A hospital gown, sometimes called a johnny gown or johnny, especially in Canada and New England, is "a long loose piece of clothing worn in a hospital by someone doing or having an operation". It can be used as clothing for bedridden patients.

==Utility==
Hospital gowns worn by patients are designed so that hospital staff can easily access the part of the patient's body being treated.

The hospital gown is made of fabric that can withstand repeated laundering in hot water, usually cotton, and is fastened at the back with twill tape ties. Disposable hospital gowns may be made of paper or thin plastic, with paper or plastic ties.

Some gowns have snaps along the top of the shoulder and sleeves, so that the gown can be removed without disrupting intravenous lines in the patient's arms.

Hospital gowns used in psychiatric care will sometimes use snaps in the back instead of ties.

Used paper hospital gowns are associated with hospital infections, which could be avoided by proper disposal.

A Canadian study surveying patients at five hospitals determined 57 percent could have worn more clothing below the waist, but only 11 percent wore more than a gown. The physicians conducting the survey said gowns should not be required unless they are necessary. Although they are cheaper and easier to wash, Todd Lee, of Royal Victoria Hospital in Montreal, said gowns are not necessary unless the patient is incontinent or has an injury in the lower body. Otherwise, Lee said, pajamas or regular clothes may be acceptable.

==Problems and redesign==
Traditional hospital gowns were designed around 1910, when patients spent most of their hospital stays confined to bed. These gowns were designed for the primary use of bedpans, with the open back of hospital gowns also proved beneficial as it made dressing and undressing patients far easier for hospital staff and facilitated the use of a bedpan.
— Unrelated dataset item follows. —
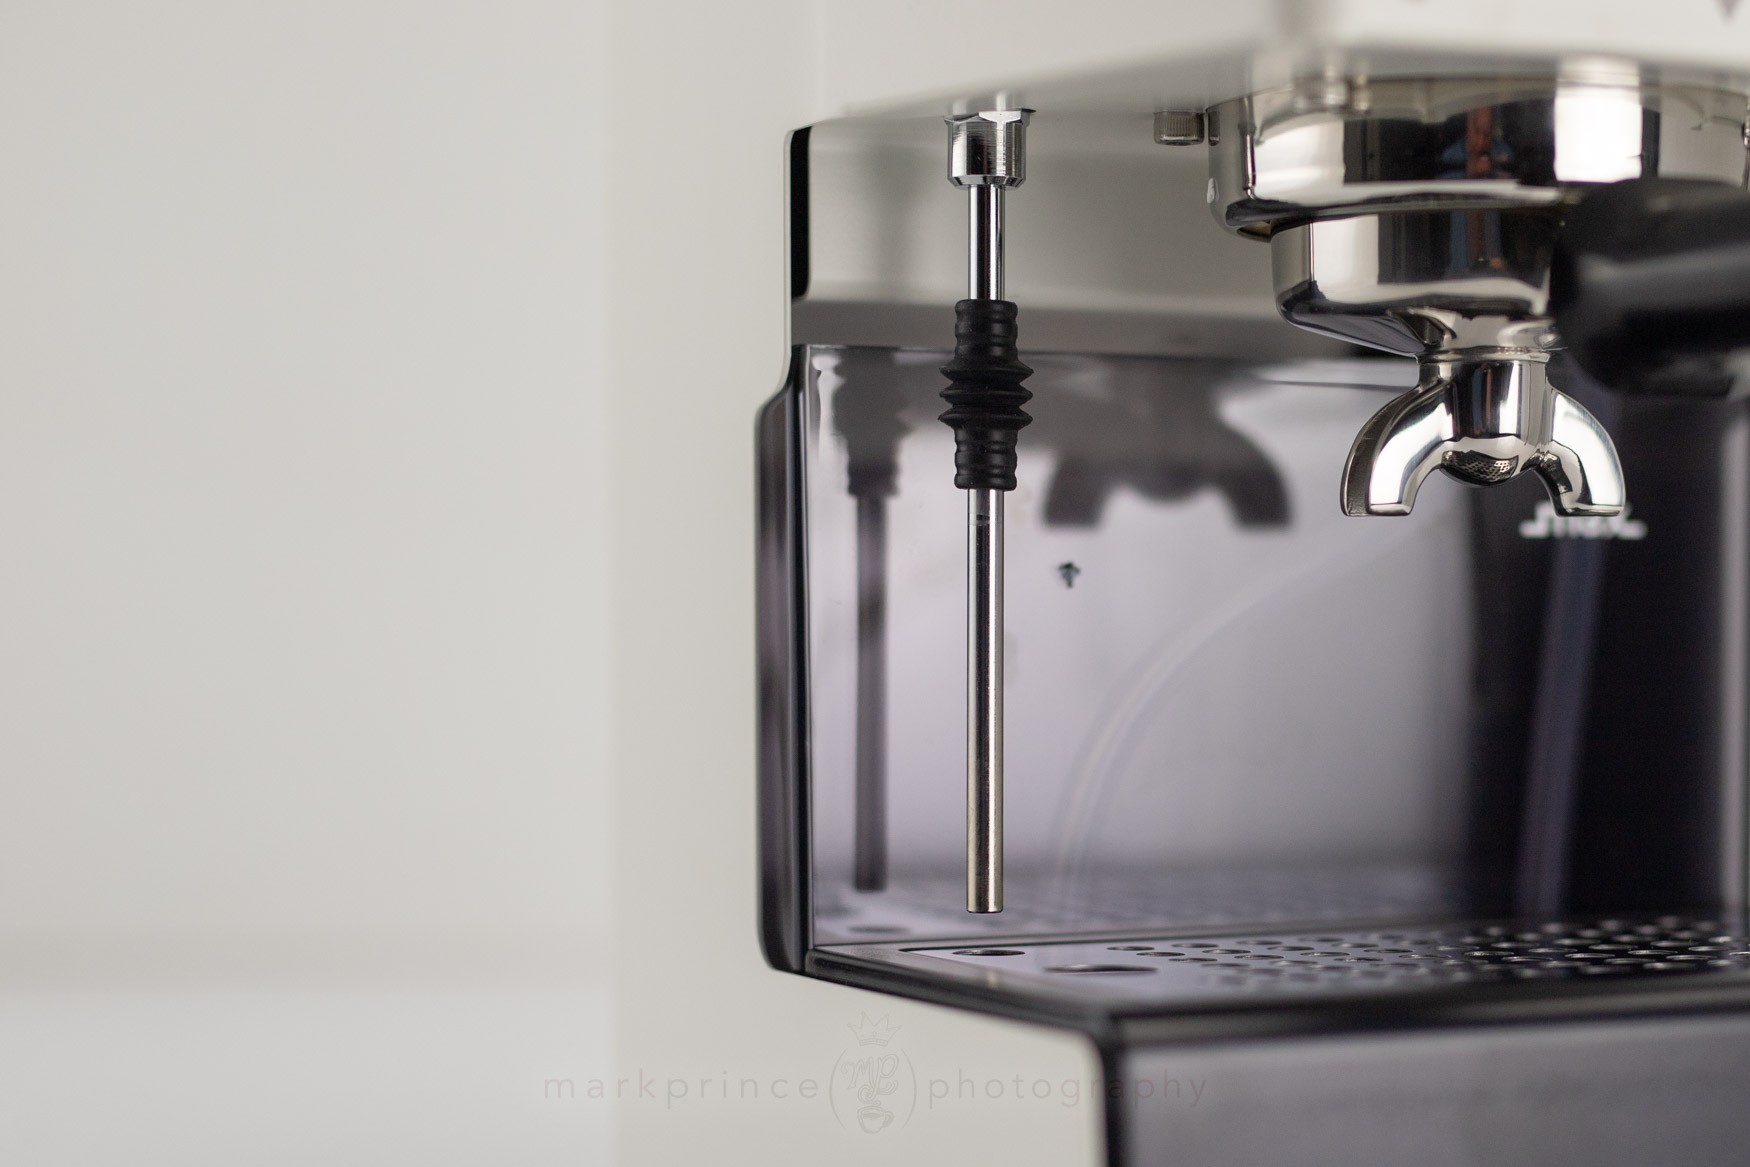 New Gaggia Classic - Semi automatic espresso machine for home
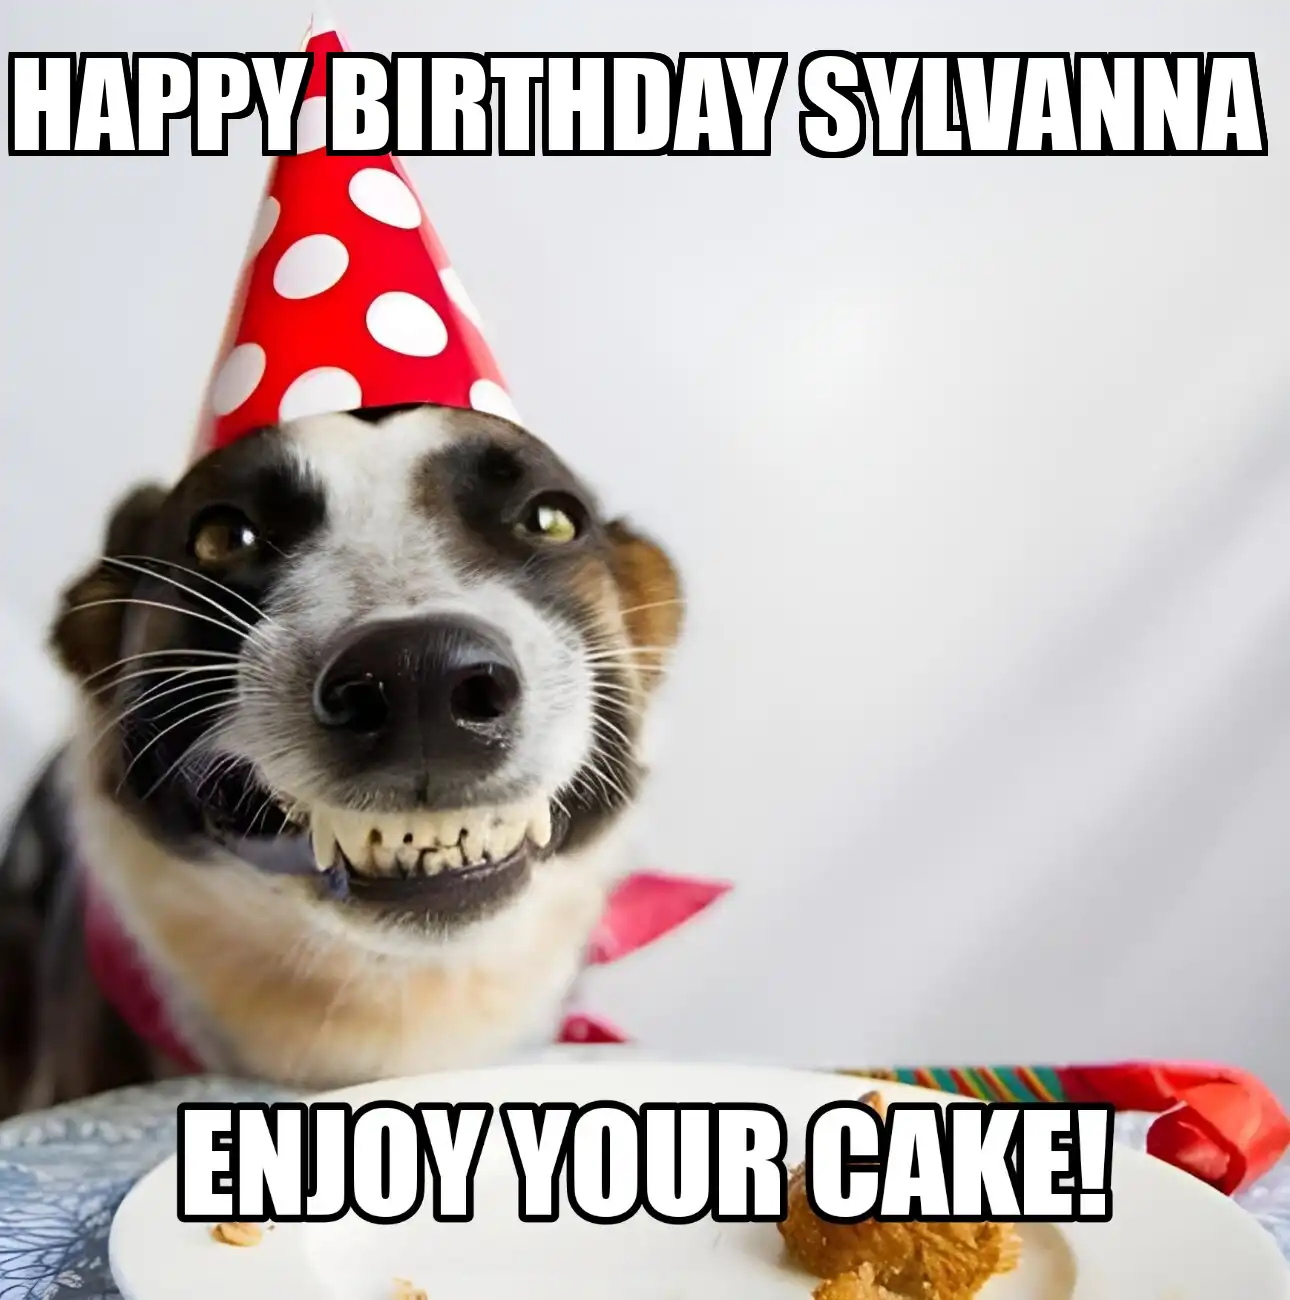 Happy Birthday Sylvanna Enjoy Your Cake Dog Meme

Such advantages have become less salient over time as medical practices change to emphasize getting patients out of bed and mobile rather than encouraging prolonged bed rest. When upright and moving, the open back of a hospital gown exposes the buttocks and prevents the gown from retaining warmth, resulting in some patients experiencing embarrassment and discomfort while wearing them.

Some studies have been done on updating the garment for more modern needs. However, new-style gowns and other types of clothing can be more expensive. The Valley Hospital in Ridgewood, New Jersey reported a $70,000 a year increase.

===Luke's Fast Breaks===
When 9-year-old Luke Lange complained about wearing a hospital gown while being treated for Hodgkin lymphoma, his mother adapted some T-shirts for him to wear, using snap tape on the sides. Other children saw the t-shirt and wanted one too. Two years later, the organization Luke's FastBreaks had raised $1 million for children's cancer and given out over 5,000 of the t-shirts. They were long enough to wear like the gowns, but some preferred to wear them like t-shirts. Briton Lynn, executive director of Luke's FastBreaks, said the t-shirts helped children have a more positive attitude.

===Traci Lamar design===
In November 2006, Robert Wood Johnson Foundation gave a $236,000 grant to a team at North Carolina State University to design a new gown based on "style, cost, durability, comfort, function" and other qualities. NCSU professor Lamar's team worked to come up with a "more comfortable, less revealing" design. Surveys found that nurses did not like the ties in the back because knots could form, and some patients wore more than one gown at once, with one tied in front and the other in back. Many patients disliked how lightweight gowns were. In April 2009, the NCSU team showed potential new designs at a reception, and they were preparing to ask for more funding as they developed a prototype. Meanwhile, some hospitals were offering alternatives, including gowns that opened in the front or on the side, and drawstring pants, cotton tops and boxers. These cost more than traditional gowns. Lamar's additional funding came from RocketHub. At NCSU Fashion Week in 2013, Lamar's design was mentioned as "functional and dignified," but not shown "to prevent any patent infringements". A prototype, made of DermaFabric and made at Precision Fabrics in Greensboro, North Carolina, was to be tested at WakeMed.

===DCS gown===
In 2009, Fatima Ba-Alawi was honored for her DCS (dignity, comfort, safety) gown at a RCN conference on London. Four years after she started using her skills making dresses to redesign hospital gowns, NHS trusts were using the design. The reversible gowns have plastic poppers which make it easier to change without moving the patient and save staff time, and side pockets for drips or catheters, along with a pouch for cardio equipment. One version called the Faith Gown has a detachable head scarf and long sleeves.

===Ben de Lisi design===
Another redesign in England came from Ben de Lisi, one of six receiving grants. The Design Council was scheduled to show his design, which did not open in the back but did allow access, in March 2010.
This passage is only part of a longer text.